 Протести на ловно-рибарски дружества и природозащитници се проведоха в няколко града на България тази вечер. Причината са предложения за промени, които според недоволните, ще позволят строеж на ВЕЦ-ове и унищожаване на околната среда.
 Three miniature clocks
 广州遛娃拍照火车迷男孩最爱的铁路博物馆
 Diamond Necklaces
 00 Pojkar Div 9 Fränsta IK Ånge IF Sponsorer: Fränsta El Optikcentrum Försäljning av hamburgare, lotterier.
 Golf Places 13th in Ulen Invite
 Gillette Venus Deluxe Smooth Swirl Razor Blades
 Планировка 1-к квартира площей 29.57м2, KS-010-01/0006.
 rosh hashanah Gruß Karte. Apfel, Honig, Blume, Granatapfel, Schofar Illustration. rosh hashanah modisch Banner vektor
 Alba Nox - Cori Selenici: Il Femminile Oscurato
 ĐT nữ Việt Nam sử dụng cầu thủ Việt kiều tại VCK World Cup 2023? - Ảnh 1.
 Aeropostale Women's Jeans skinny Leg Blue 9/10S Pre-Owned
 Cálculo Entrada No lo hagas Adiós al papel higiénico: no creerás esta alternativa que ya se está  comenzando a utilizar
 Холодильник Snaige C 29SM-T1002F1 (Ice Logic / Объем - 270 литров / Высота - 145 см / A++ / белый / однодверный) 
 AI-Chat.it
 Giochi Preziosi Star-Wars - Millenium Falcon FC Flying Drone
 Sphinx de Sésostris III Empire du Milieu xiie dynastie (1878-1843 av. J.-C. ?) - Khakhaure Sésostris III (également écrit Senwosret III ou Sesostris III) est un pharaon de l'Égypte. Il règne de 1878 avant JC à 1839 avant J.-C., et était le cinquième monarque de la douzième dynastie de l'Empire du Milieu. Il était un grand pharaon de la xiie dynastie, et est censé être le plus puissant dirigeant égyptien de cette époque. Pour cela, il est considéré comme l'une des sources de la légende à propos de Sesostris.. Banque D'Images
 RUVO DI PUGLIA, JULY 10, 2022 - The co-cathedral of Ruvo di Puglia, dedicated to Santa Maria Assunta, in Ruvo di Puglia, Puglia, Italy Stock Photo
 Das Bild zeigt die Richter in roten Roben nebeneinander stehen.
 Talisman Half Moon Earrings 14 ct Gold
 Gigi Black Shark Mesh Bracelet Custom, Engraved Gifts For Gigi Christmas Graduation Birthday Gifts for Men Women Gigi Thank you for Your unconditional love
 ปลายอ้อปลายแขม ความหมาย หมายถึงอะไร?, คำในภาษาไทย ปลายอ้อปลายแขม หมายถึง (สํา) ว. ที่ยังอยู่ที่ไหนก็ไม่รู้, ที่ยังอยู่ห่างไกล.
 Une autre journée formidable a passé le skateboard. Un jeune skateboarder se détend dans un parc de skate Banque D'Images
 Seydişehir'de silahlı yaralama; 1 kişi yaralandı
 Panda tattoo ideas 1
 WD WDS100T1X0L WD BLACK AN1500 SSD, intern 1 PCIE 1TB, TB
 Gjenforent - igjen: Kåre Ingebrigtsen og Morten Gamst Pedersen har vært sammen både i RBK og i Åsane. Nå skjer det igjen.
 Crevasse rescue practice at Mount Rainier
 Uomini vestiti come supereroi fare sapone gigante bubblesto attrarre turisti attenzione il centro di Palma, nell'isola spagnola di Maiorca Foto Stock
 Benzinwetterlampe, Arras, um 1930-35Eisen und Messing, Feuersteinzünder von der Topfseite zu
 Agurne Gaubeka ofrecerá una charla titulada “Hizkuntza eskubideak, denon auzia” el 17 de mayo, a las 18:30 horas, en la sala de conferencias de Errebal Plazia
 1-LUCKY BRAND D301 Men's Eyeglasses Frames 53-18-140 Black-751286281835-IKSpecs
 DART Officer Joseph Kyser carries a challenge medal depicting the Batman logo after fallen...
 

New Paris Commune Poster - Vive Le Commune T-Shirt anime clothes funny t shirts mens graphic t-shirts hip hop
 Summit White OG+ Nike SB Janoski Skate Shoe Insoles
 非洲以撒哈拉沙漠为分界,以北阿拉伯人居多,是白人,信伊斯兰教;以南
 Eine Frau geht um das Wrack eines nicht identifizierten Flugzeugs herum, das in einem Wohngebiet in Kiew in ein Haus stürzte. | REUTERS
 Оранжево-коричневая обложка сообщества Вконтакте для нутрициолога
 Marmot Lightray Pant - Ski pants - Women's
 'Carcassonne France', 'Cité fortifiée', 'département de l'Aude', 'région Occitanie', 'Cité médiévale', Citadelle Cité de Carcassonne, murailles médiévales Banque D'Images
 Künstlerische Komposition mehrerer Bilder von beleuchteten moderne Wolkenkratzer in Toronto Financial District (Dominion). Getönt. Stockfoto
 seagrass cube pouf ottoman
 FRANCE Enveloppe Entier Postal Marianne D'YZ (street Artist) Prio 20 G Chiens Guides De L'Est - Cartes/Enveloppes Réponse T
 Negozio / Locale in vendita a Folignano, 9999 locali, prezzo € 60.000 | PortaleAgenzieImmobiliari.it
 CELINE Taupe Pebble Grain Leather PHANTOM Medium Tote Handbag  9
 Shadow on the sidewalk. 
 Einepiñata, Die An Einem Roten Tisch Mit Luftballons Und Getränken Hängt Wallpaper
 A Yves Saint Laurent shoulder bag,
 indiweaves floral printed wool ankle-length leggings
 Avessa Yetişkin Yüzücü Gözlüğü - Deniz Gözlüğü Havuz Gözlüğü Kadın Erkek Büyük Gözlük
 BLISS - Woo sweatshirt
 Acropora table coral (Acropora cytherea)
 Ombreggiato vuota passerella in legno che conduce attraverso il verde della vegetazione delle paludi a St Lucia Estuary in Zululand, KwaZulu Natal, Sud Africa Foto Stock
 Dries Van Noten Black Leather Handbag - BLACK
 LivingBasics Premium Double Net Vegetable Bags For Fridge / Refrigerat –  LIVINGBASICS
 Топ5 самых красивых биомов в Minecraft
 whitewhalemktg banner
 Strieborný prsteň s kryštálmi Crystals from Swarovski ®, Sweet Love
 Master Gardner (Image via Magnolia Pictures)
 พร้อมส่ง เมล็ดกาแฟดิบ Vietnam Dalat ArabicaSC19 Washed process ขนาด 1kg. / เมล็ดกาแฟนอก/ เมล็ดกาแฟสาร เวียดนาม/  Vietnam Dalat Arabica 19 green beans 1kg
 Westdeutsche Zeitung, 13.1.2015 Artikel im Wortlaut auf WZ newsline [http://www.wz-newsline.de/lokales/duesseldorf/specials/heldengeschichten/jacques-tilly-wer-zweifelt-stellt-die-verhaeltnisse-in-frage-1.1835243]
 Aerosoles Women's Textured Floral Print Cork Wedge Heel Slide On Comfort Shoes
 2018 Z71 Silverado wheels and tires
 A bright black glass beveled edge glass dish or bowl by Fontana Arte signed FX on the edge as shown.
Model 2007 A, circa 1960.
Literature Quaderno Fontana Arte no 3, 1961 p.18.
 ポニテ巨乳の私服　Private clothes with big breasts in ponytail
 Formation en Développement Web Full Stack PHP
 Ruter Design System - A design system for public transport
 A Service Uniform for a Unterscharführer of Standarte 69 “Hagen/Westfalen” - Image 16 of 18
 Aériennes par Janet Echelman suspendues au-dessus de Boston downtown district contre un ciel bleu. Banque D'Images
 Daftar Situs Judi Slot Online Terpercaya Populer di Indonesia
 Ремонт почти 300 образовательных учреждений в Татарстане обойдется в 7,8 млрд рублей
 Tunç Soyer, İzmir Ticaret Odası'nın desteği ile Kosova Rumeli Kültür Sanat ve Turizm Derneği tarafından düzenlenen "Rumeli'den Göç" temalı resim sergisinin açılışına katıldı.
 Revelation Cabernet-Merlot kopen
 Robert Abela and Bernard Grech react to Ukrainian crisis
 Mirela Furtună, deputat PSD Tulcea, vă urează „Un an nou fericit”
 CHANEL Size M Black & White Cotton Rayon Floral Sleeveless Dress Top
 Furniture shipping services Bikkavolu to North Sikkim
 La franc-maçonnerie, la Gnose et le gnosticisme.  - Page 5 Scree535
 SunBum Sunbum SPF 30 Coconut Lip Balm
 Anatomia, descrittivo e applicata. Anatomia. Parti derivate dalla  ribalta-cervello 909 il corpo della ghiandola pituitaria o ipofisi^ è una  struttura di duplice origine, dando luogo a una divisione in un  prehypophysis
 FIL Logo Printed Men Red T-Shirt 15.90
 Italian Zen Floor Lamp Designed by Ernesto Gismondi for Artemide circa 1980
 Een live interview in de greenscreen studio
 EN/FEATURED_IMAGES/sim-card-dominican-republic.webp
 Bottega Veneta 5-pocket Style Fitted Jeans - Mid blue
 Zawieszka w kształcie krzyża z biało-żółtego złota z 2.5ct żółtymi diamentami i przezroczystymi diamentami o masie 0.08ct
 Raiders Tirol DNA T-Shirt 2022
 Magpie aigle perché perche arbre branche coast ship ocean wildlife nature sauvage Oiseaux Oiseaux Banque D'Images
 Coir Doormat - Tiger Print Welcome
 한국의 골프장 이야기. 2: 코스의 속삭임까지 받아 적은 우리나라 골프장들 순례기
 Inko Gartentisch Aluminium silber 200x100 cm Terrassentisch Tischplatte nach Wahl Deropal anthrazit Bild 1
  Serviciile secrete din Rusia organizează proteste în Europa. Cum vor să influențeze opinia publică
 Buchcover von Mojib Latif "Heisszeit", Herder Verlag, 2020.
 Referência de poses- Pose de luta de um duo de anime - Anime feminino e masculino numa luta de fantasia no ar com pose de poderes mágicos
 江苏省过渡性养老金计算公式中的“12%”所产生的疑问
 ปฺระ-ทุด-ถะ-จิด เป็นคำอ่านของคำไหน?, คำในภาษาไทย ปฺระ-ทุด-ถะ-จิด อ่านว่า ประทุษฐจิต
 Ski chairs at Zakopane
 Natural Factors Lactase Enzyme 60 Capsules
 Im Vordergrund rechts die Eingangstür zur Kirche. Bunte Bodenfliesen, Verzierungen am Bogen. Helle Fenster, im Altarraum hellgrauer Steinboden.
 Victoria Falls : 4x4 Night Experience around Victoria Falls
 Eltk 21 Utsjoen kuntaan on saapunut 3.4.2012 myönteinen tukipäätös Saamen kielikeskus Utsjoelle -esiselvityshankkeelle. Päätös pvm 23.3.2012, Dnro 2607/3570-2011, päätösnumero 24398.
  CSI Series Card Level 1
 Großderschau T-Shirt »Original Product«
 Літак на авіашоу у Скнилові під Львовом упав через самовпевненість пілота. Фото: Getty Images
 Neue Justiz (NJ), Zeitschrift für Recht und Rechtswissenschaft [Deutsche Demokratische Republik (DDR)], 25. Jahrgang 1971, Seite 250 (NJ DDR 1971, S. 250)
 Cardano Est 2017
____
WHAT YOU WILL DO:
Extract, from the material above, each line holding the word "Women".

YOUR SOLUTION:
 Aeropostale Women's Jeans skinny Leg Blue 9/10S Pre-Owned
 Gigi Black Shark Mesh Bracelet Custom, Engraved Gifts For Gigi Christmas Graduation Birthday Gifts for Men Women Gigi Thank you for Your unconditional love
 Marmot Lightray Pant - Ski pants - Women's
 Aerosoles Women's Textured Floral Print Cork Wedge Heel Slide On Comfort Shoes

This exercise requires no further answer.